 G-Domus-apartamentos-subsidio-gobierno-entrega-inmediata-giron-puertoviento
══════════
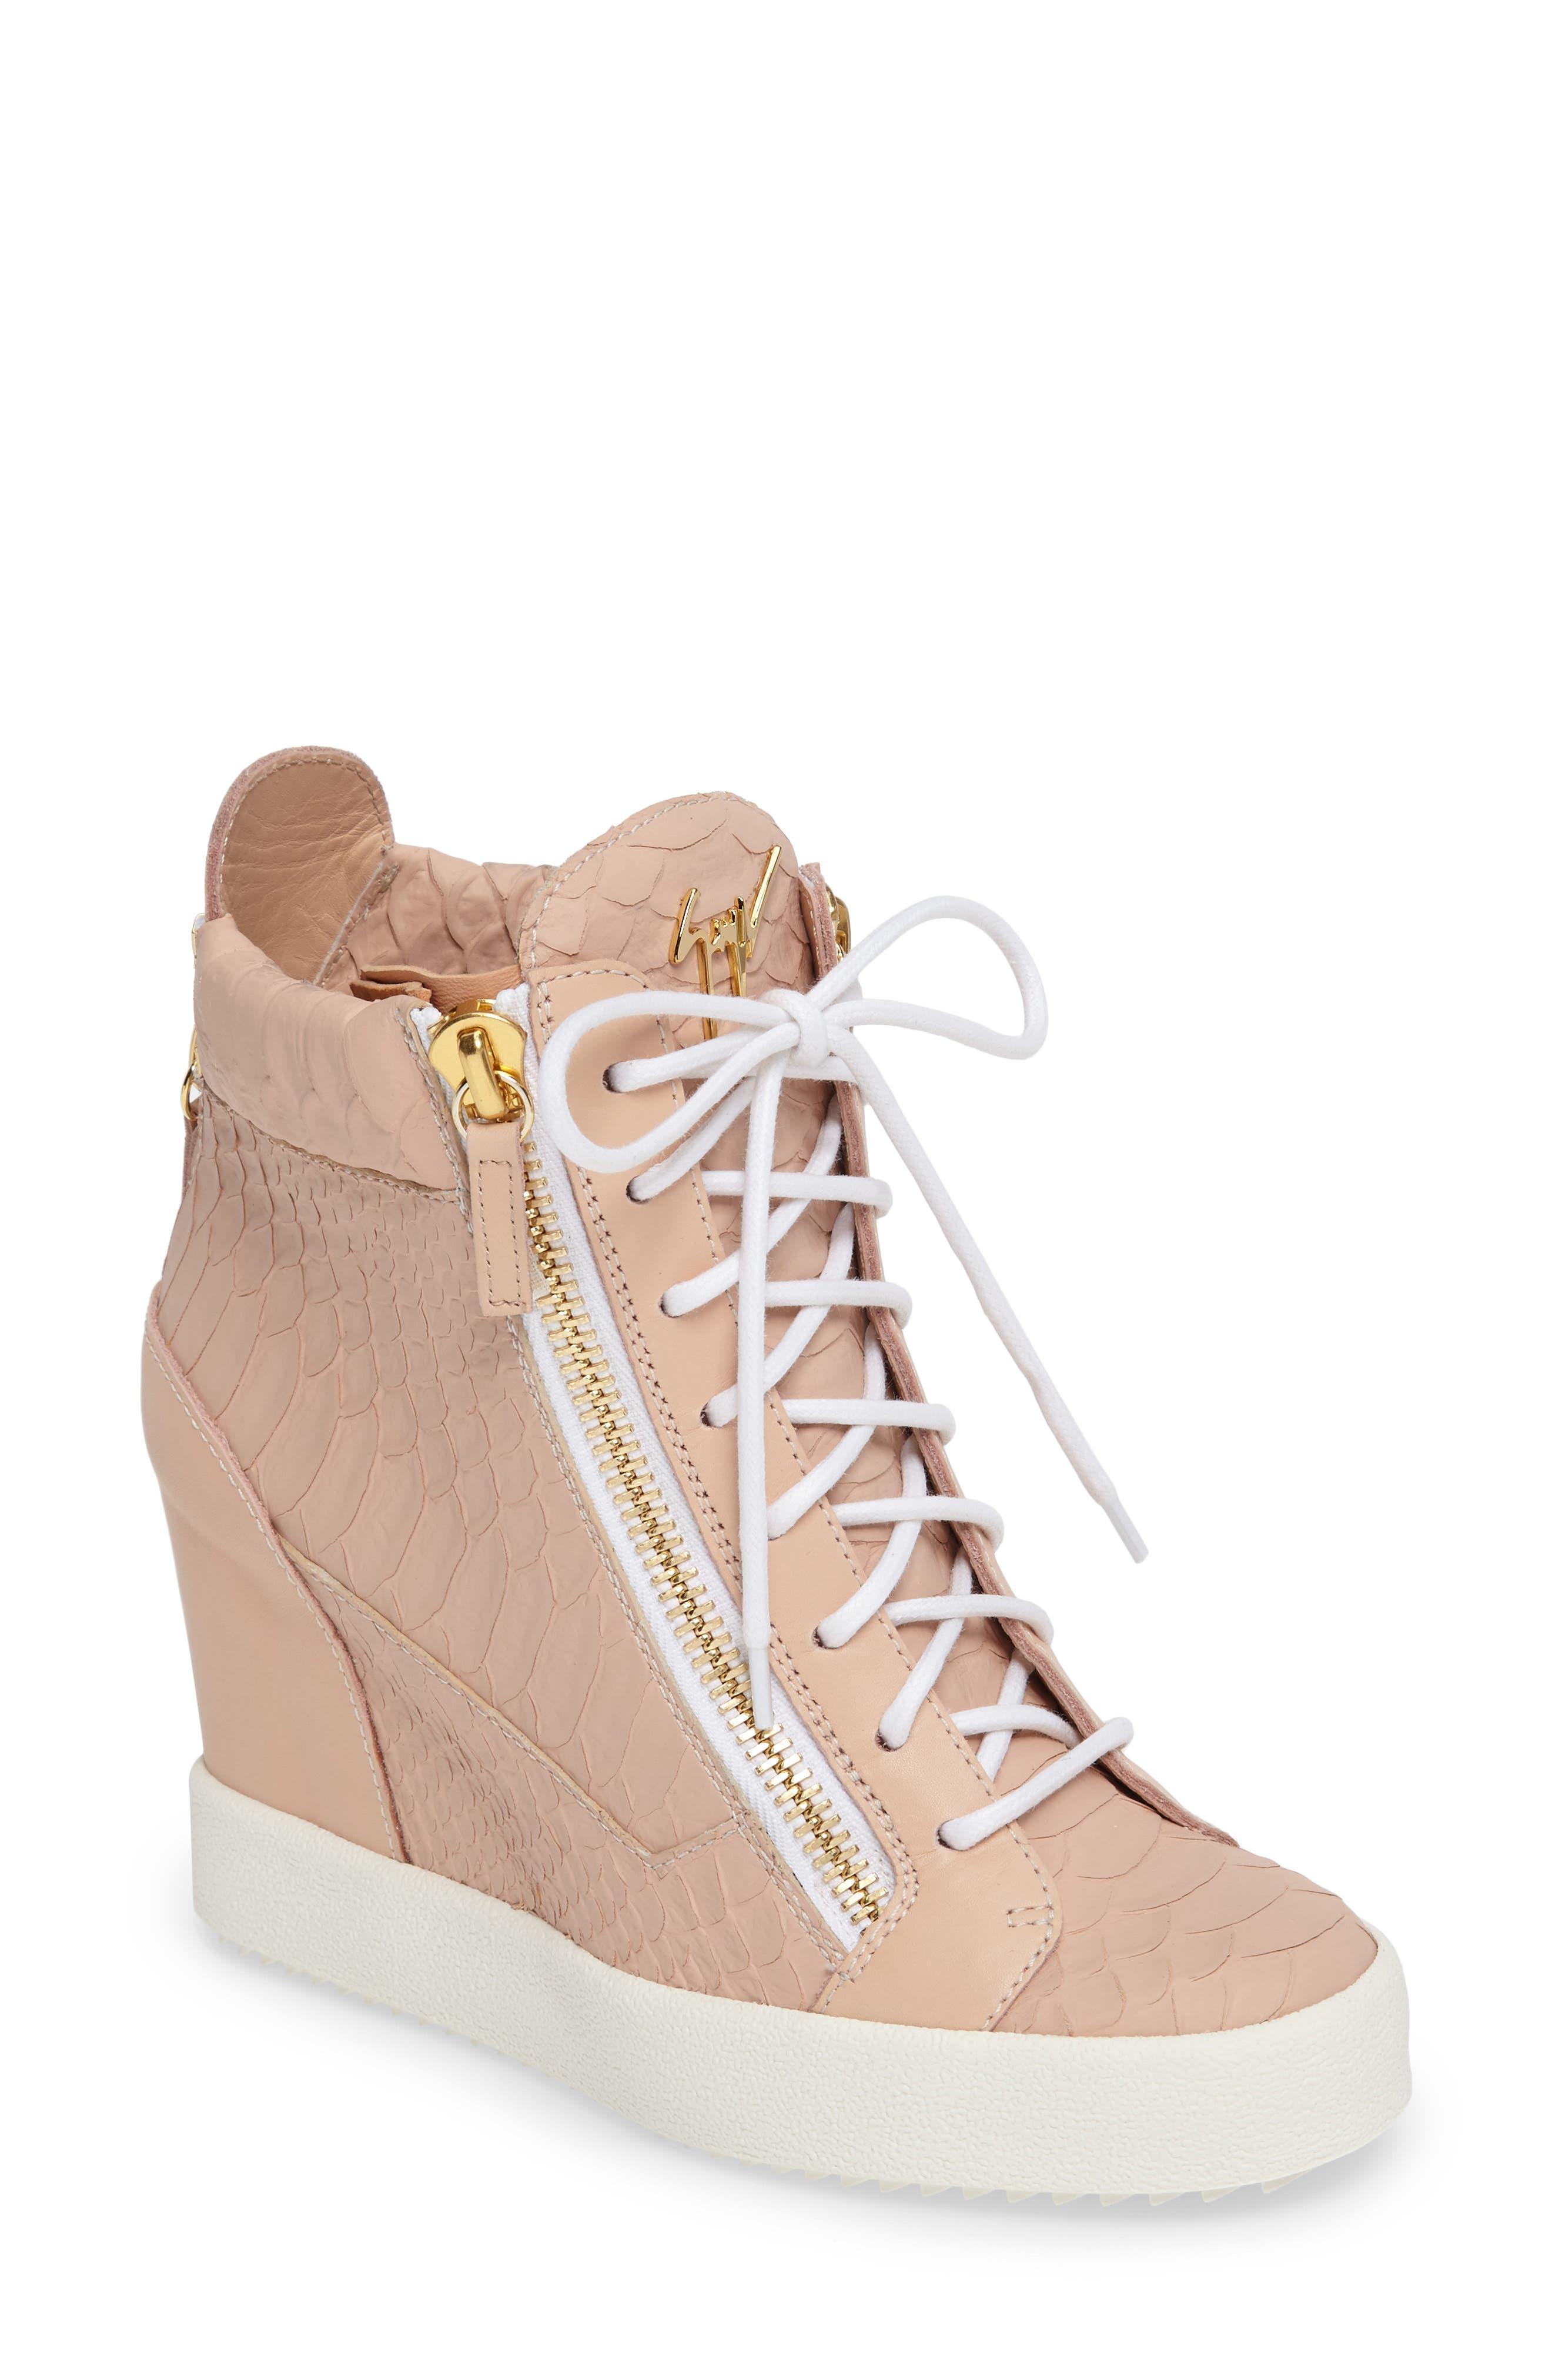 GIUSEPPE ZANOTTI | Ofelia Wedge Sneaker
══════════
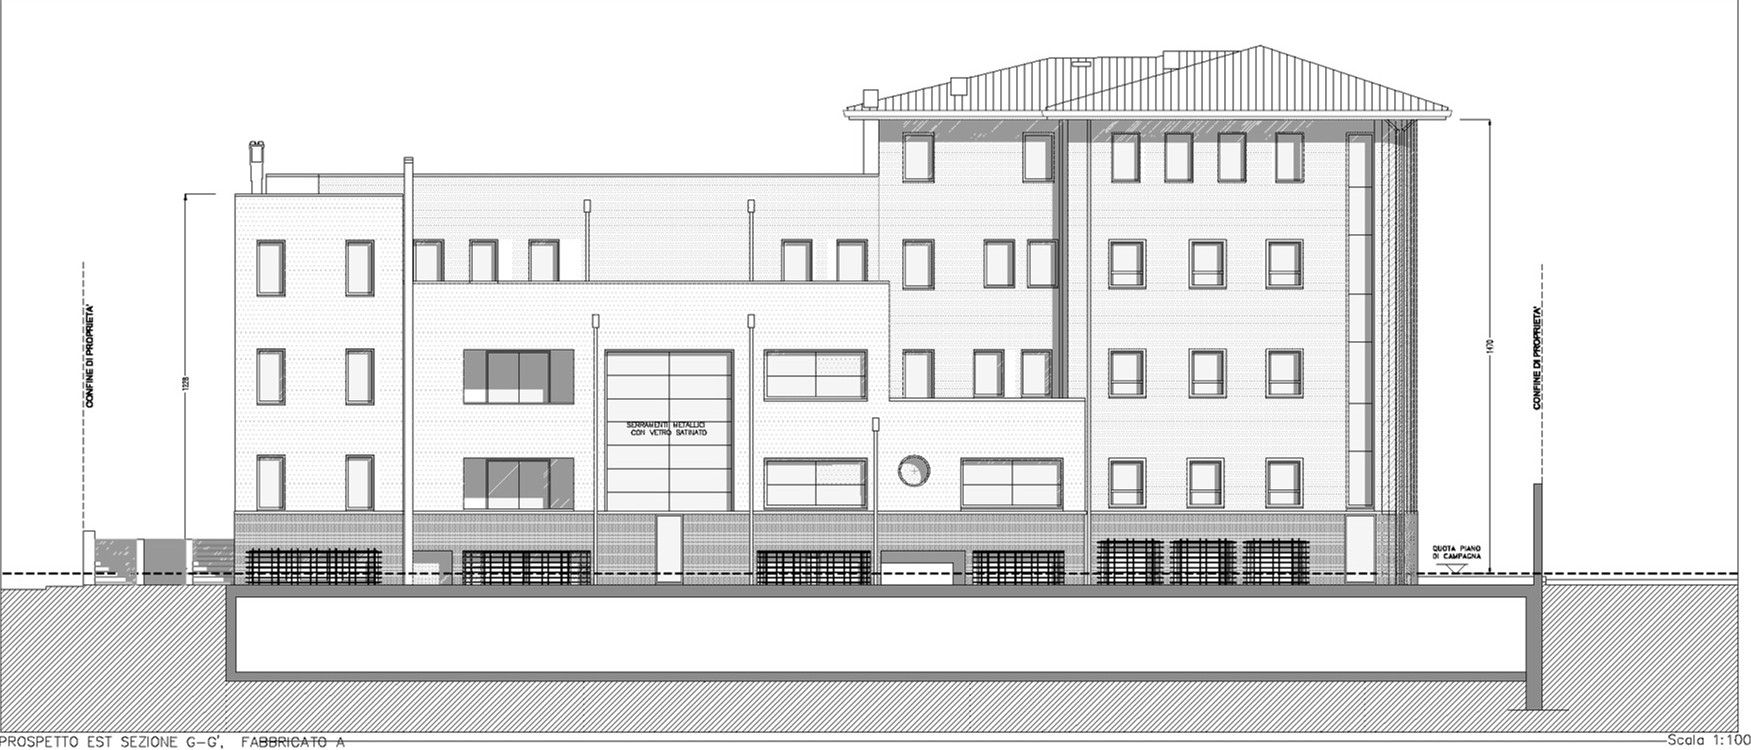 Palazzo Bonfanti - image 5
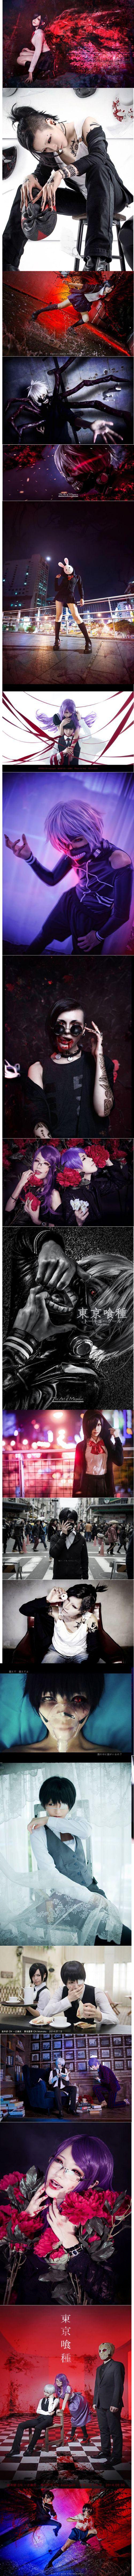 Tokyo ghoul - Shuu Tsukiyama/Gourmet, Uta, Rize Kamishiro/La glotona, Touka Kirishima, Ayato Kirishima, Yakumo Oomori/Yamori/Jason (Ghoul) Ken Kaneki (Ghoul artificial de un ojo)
══════════
Instructions to follow
Print from the line containing "Palazzo Bonfanti - image 5" through the line containing "Tokyo ghoul - Shuu" in the data above, exactly as the lines stand, and omit every picture.

Result
 Palazzo Bonfanti - image 5
 Tokyo ghoul - Shuu Tsukiyama/Gourmet, Uta, Rize Kamishiro/La glotona, Touka Kirishima, Ayato Kirishima, Yakumo Oomori/Yamori/Jason (Ghoul) Ken Kaneki (Ghoul artificial de un ojo)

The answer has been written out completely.